Xiao Qinghe frunció el ceño, preocupada. Si realmente le pidiera un dote a su madre, ella seguramente exigiría diez veces o incluso veinte veces más que el dote original… Y en el futuro, la haría traer aún más cosas de la casa noble para ayudar a su familia. Wei Lingzee bajó la vista y dijo con voz ronca: “Las piernas”.
Ese tipo de dote, ella no podía aceptarlo. Sin dudarlo, Xiao Qinghe se agachó para examinar las piernas de Wei Lingzee.
La señora Wang murmuró algo durante un rato, pero Chunxi no respondió. Pronto, su melancolía desapareció… Se secó las lágrimas y dijo con seriedad: “Wei Lingzee tenía una mirada oscura en sus ojos… Luego agarró el brazo de Xiao Qinghe y la tiró a la cama.
“Elegiste este camino tú misma… No vengas a casa a llorar luego”.
“¿Señor Wei?”.
No pasó mucho tiempo antes de que Shen Qingyuanuan llegara con Qing Shu y un pequeño palanquín que dos personas tenían que llevar. Xiao Qinghe se sorprendió y, antes de que pudiera reaccionar, fue arrastrada hacia la tormenta… Cuando sintió el dolor, escuchó a Shen Qingyuanuan decir con dificultad: “A partir de hoy, debes llamarme esposo”. Aunque el número de invitados era pequeño, Shen Qingyuanuan se veía absolutamente impresionante allí parado.
Shen Qingyuanuan, vestido de rojo, no tenía su habitual seriedad y severidad… Parecía incluso más atractivo, y con una sonrisa en los labios, su expresión era amable. Antes, su aura imponía autoridad y control absoluto… Pero ahora… no había ninguna señal de compasión.
Su hermoso rostro se reveló finalmente.
Todos no pudieron evitar admirarlo.
Aunque el señor Shen ya era un poco mayor, realmente era muy guapo… No parecía envejecido en absoluto.
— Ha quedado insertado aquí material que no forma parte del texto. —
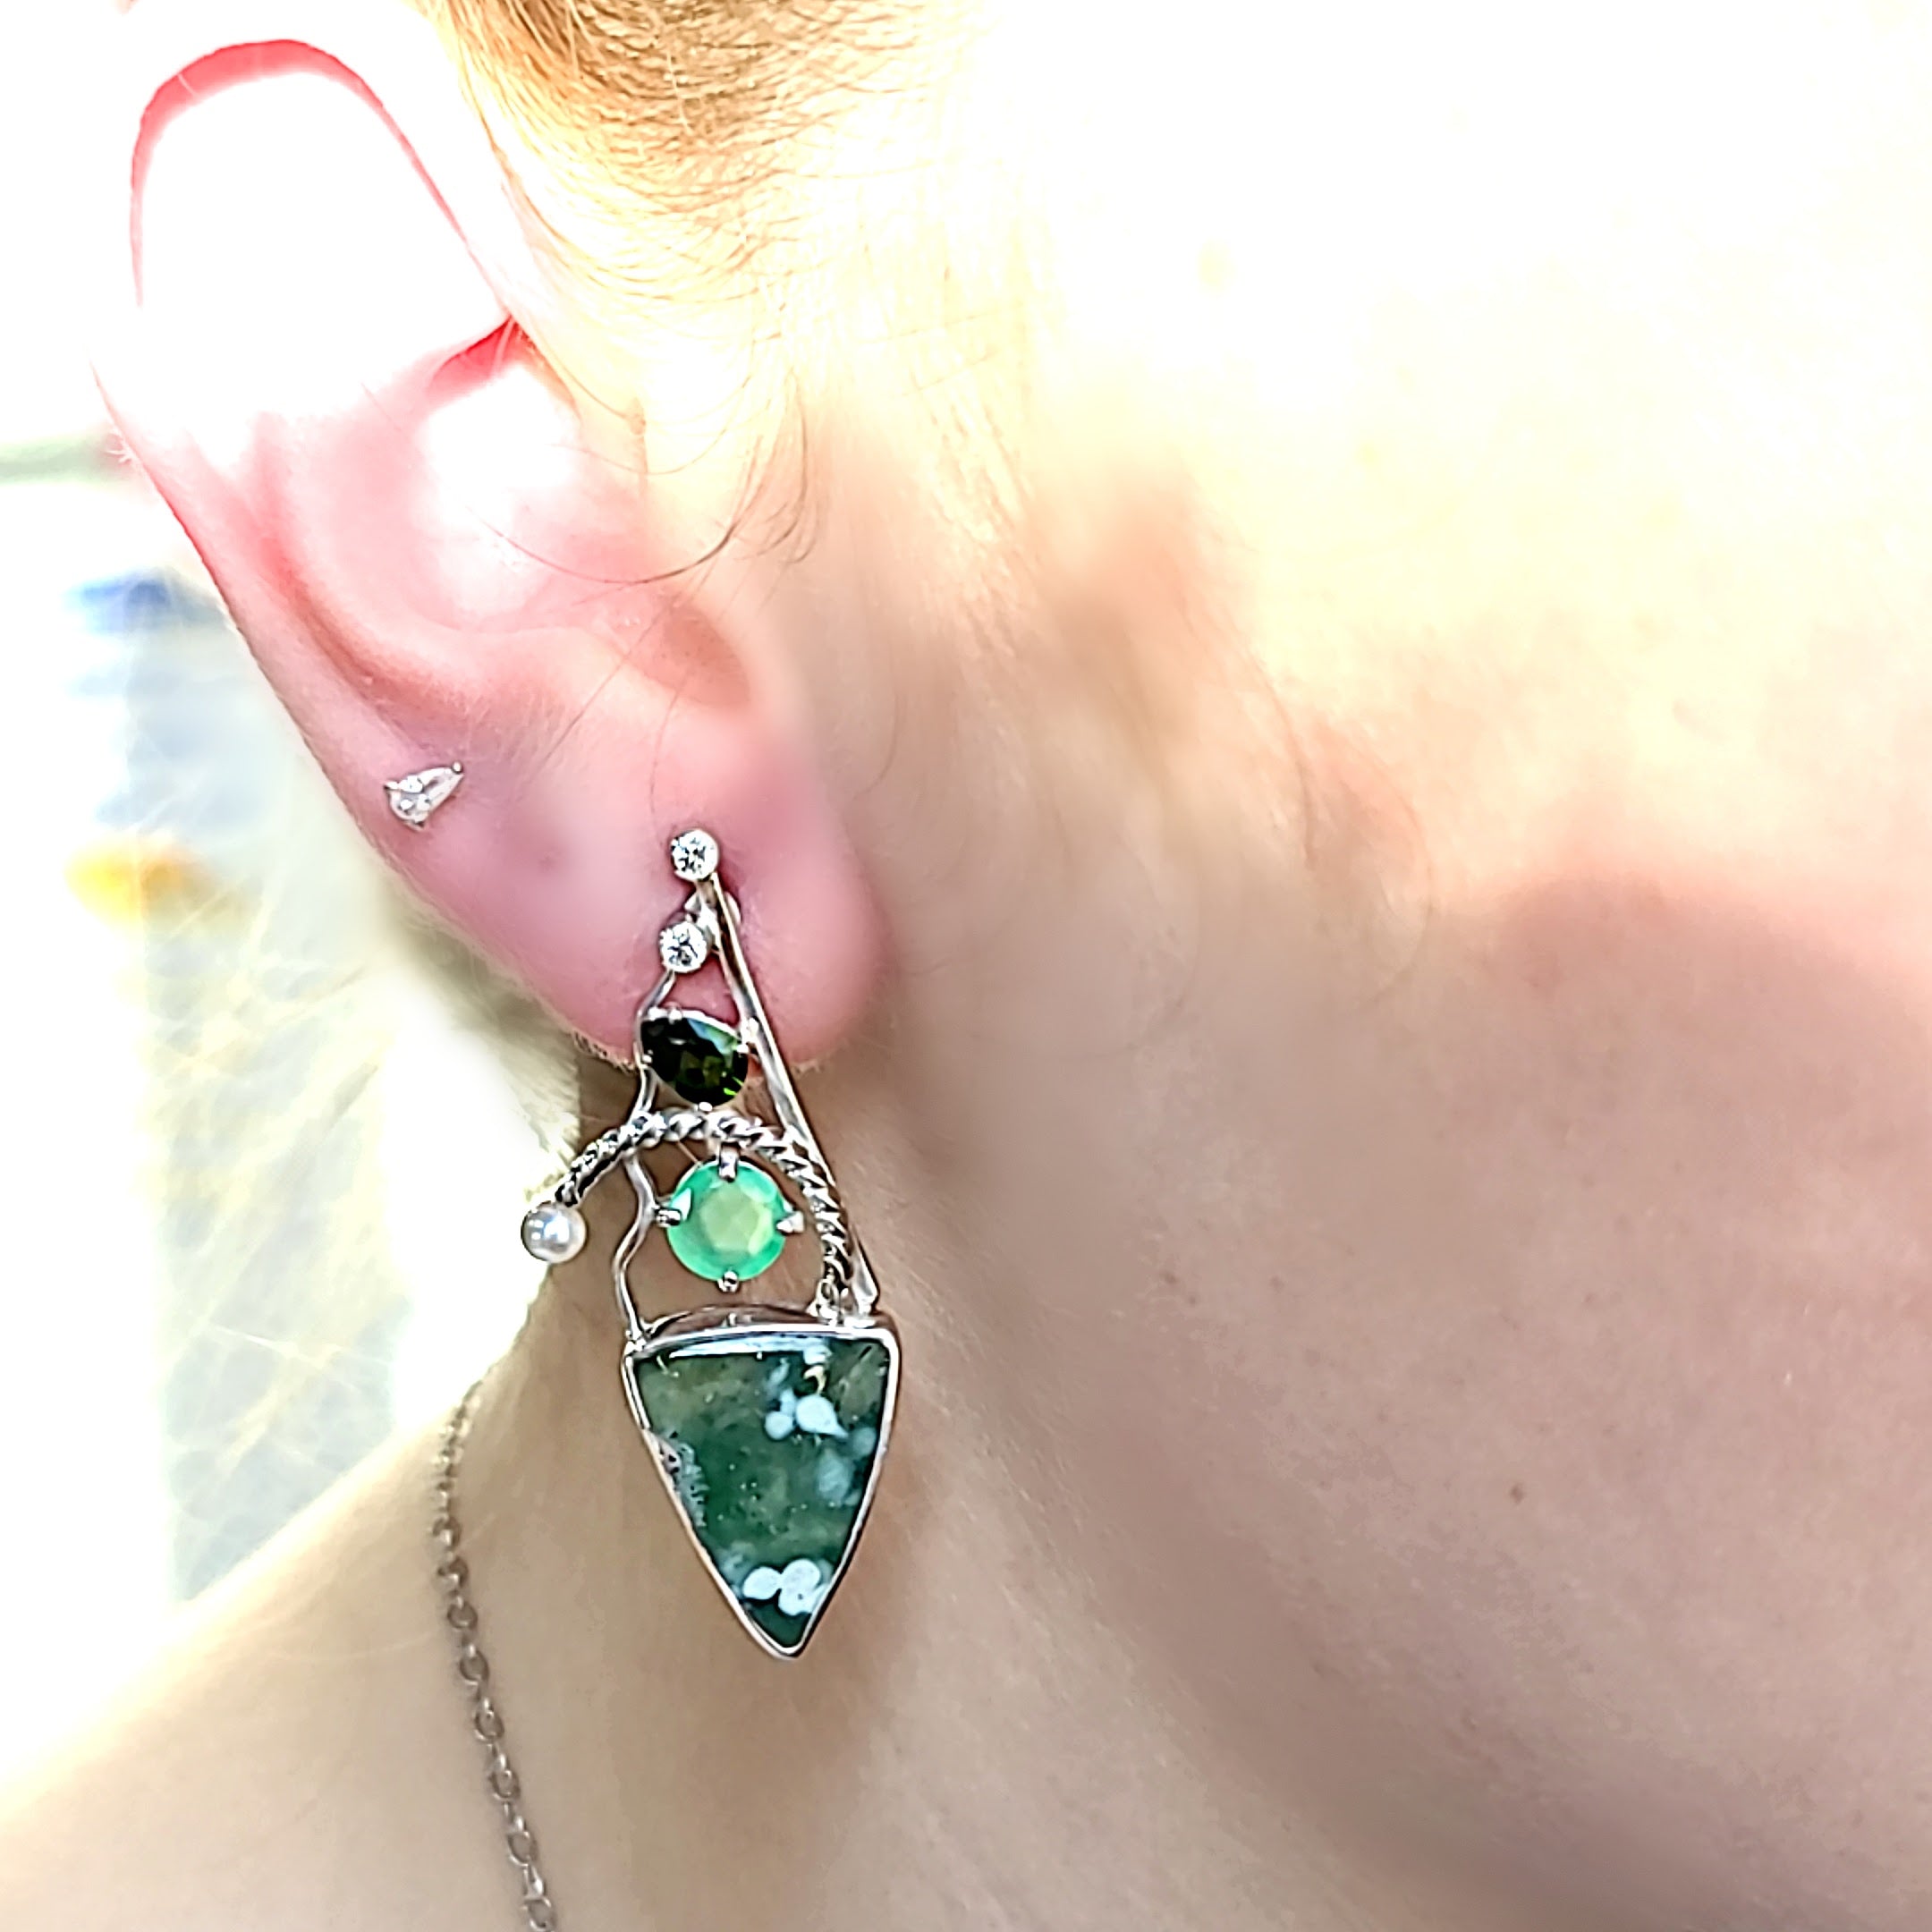 Model wearing Sterling Silver, Ocean Jasper, Chrome Diopside, Chrysoprase, Cubic Zirconia and Freshwater Pearl earrings

Y con su estatura, sus hombros anchos y cintura delgada… seguramente sería muy hábil en los asuntos amorosos.
Cao Wu bloqueó la entrada, pero Shen Qingyuanuan le dio dinero y le habló amablemente… Sin ningún orgullo, todos comenzaron a elogiar a la señora Wang.
En la vida cotidiana, uno busca dinero o personas… Con una apariencia tan buena y un carácter tan agradable como el del señor Shen, ¿qué más se podría criticar de su boda?
Un rato después, Cao Wu ayudó a Chunxi a subir al palanquín.
Shen Qingyuanuan montó en su caballo y, con una orden de Qing Shu, los porteadores levantaron el palanquín y comenzaron a avanzar rápidamente.
La señora Wang y Cao Wu no pudieron evitar seguirlos durante unos pasos… Ambos tenían los ojos llenos de lágrimas.
La señora Wang balbuceó: “Ah Xi, cuídate bien…”.
Cao Wu le dijo a Shen Qingyuanuan: “Shen Qingyuanuan, tienes que tratar bien a mi hermana… ¡De lo contrario, no te dejaré ir aunque tenga que sacrificar mi vida!”
Todos se conmovieron al ver esto… Pero cuando el palanquín desapareció en la esquina de la calle, la señora Wang se secó las lágrimas y regresó al patio para recibir a los invitados.
Hoy también habían venido personas de la familia Qian… Tenía que preguntarles cómo habían repartido esas cien onzas de plata…
Dentro del palanquín, Chunxi miró su vestido nupcial, bordado con tanto cuidado, y una sonrisa apareció en sus labios.